Alerts notify medical staff, and in the future friends and family, when a seizure has occurred and professional advice can be given directly back to the patient. Clinical teams can be notified when one of their patients presents for an unscheduled admission, providing prompt advice and guidance that could reduce length of stay, improve outcomes or avoid an unnecessary admission.
 
“This project is all about delivering better care for patients,” said Page. “It enables us to focus resources on those patients who need support as close as possible to their time and point of need. “The novel visualisation tools mean we can see the most clinically relevant information at a glance, releasing more time to care.”
 
By integrating wearables, monitoring and notification technology with secure communication to clinical systems, expert advice and support can be provided on a timely basis to the patient.
 
“The high level of direct engagement helps clinicians obtain a more holistic view of how epilepsy affects an individual, as well as a better understanding of the nature of their seizures and impact of treatment,” said Page, who added that by bridging a care and communications divide, MyCareCentric Epilepsy supported the design of new models of care for the patient.
 
“The ability to respond rapidly to changes in seizure frequency and potential medication side-effects means patients may become seizure-free sooner and with fewer visits to the hospital or GP surgery,” said Page. “For example, the automatic notification of patients with epilepsy being admitted to the hospital, either with seizures or unrelated problems, has allowed our epilepsy care teams to proactively advise the admitting team. In a number of cases, this has significantly reduced the length of stay for those patients as well as provided an opportunity to improve their seizure control.”
 
Patient Sean Hamilton explained that he wanted to sign up for MyCareCentric Epilepsy as soon as he heard about it.
 
“The one key thing for me is about being able to have a safety net and a support system so I can actually regain my independence,” he said. “What tends to happen now, particularly if I am out on my own, is that I end up back in an ambulance or in A&E. I hope to get better control of my seizures and ideally to get the life back that I used to have.”
 
Ian Denley, director of Graphnet and its associate company Shearwater Systems, added: “A shared care record system like CareCentric is the basic building block of information sharing.
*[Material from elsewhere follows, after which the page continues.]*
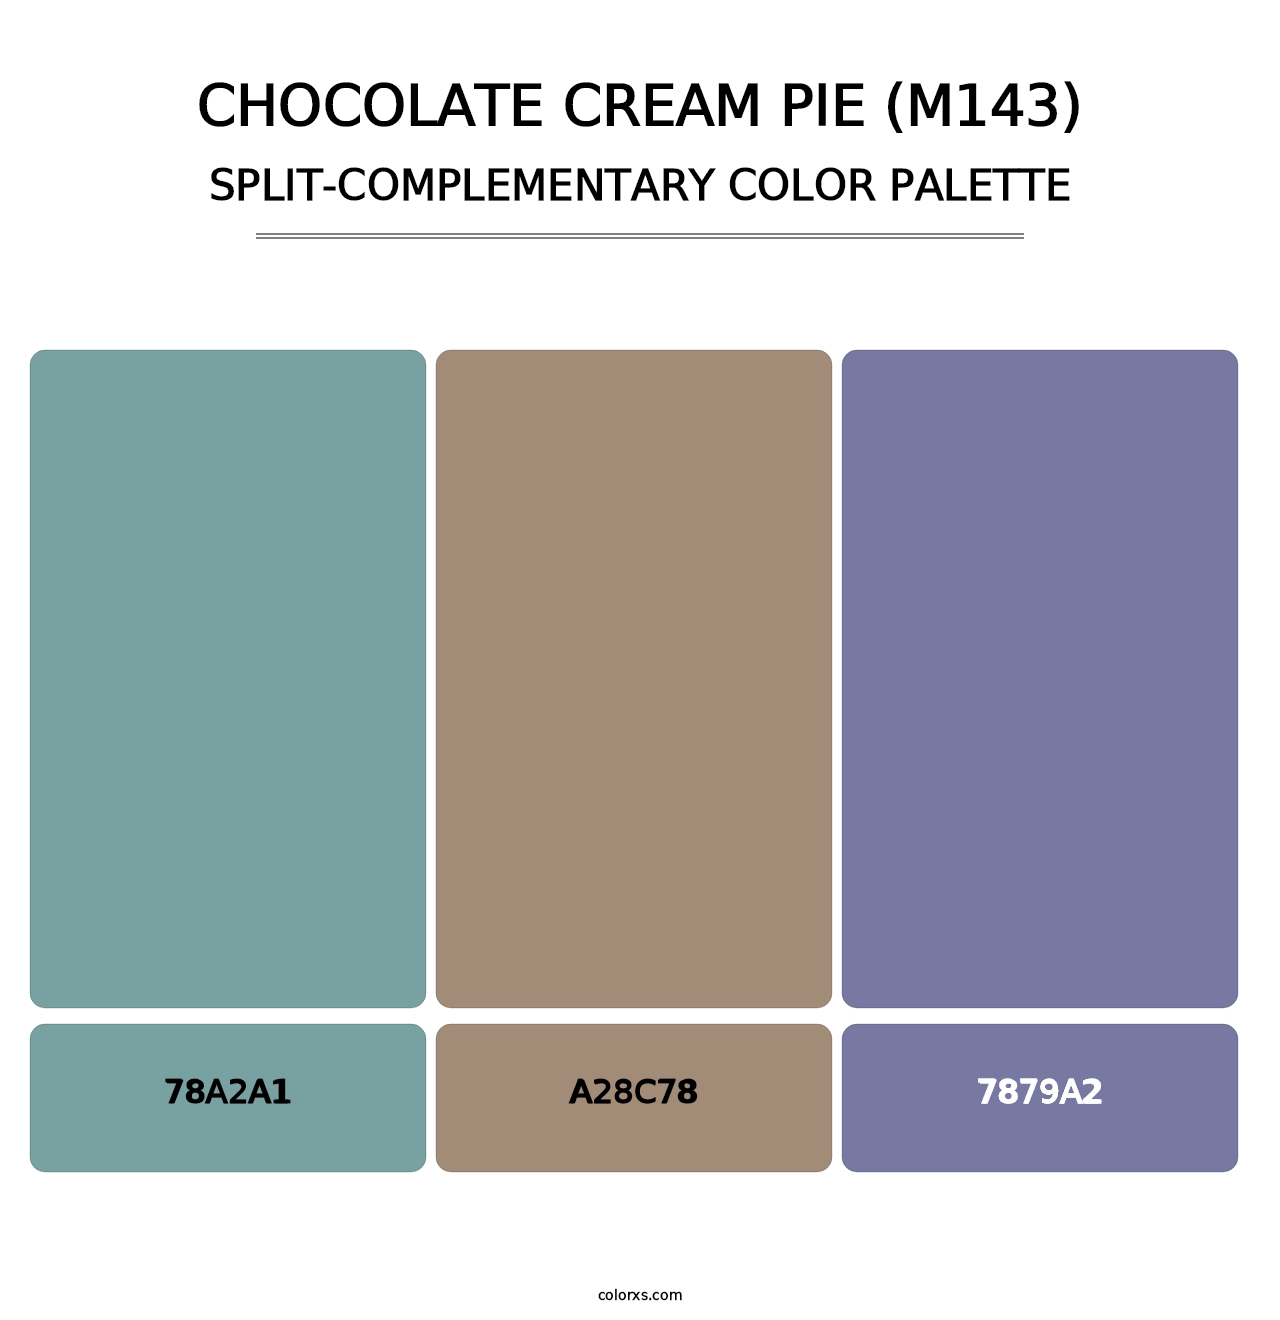 Chocolate Cream Pie (M143) - Split-Complementary Color Palette
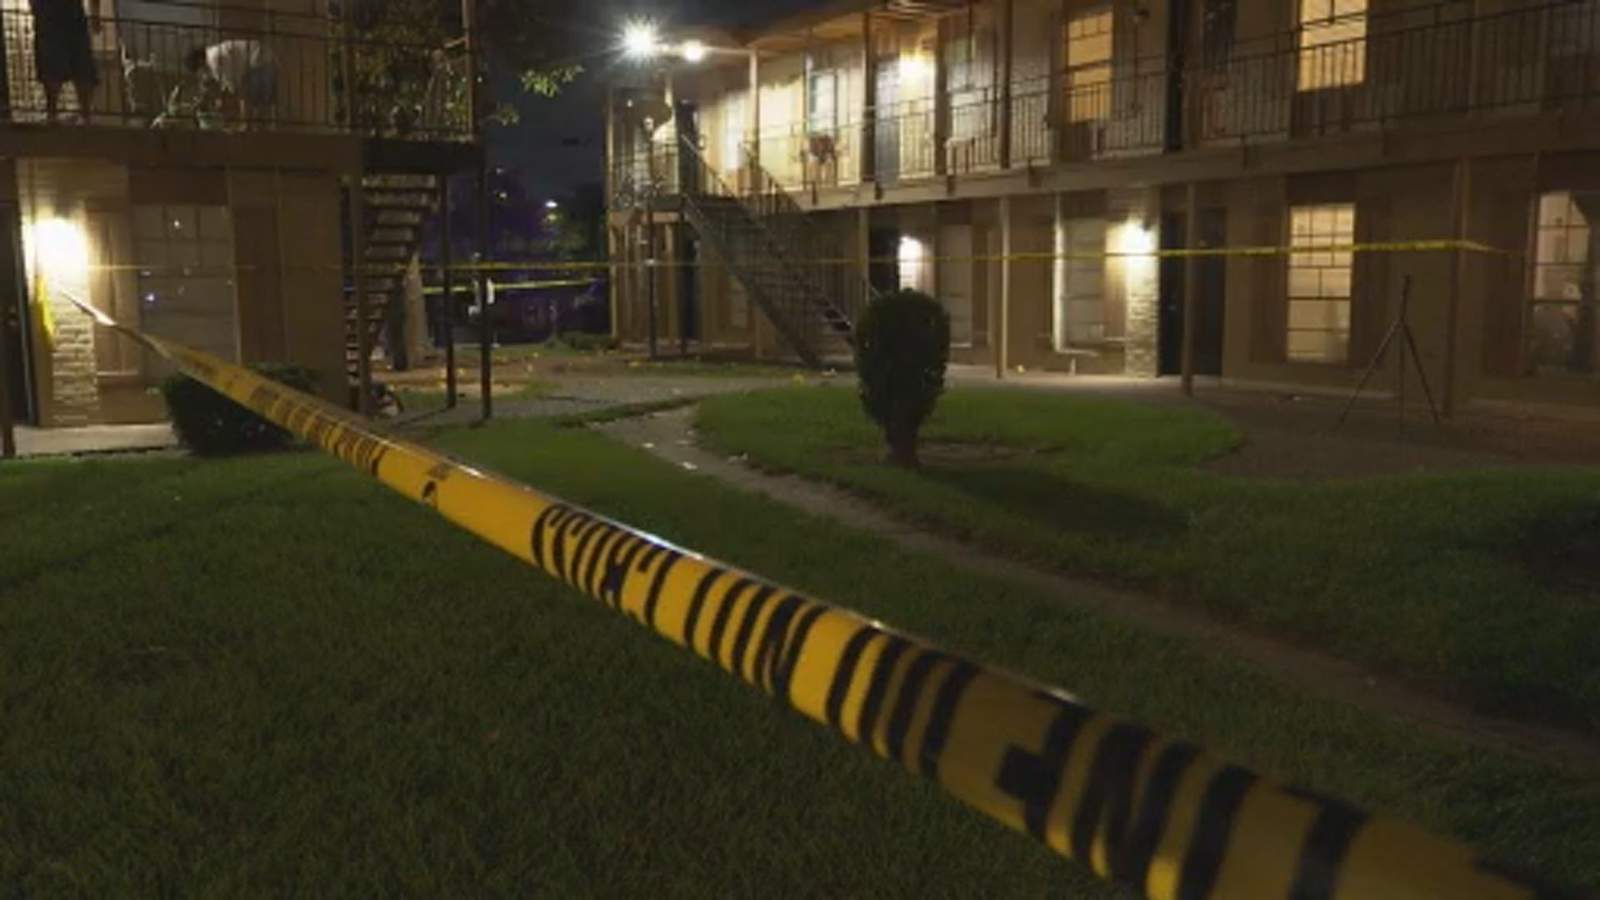 Investigation underway after man found shot to death at SE Houston apartment

We are now moving into the really radical and exciting phase of building on this shared information and changing the whole nature of care provision. In this case, we combine intense patient engagement with different ways of working among the community nursing staff and the hospital staff, and in a way which will ultimately help patients look after themselves.”
 
Denley added that this was the first in a whole series of apps providing new models of care for the treatment of long-term conditions that Graphnet will be bringing to market.
 
The Epilepsy Care Alliance has used a number of Microsoft applications including Microsoft Band and Azure. Suzy Foster, Microsoft’s health and life sciences director, said: “This pioneering project has the potential to redefine the delivery of epilepsy care. It is so exciting to see how the latest developments in technology are being used to improve individuals’ treatment and quality of life. We are looking forward to the next phase, where our partners use their technology and market presence to roll out applications for other conditions and disease groups.”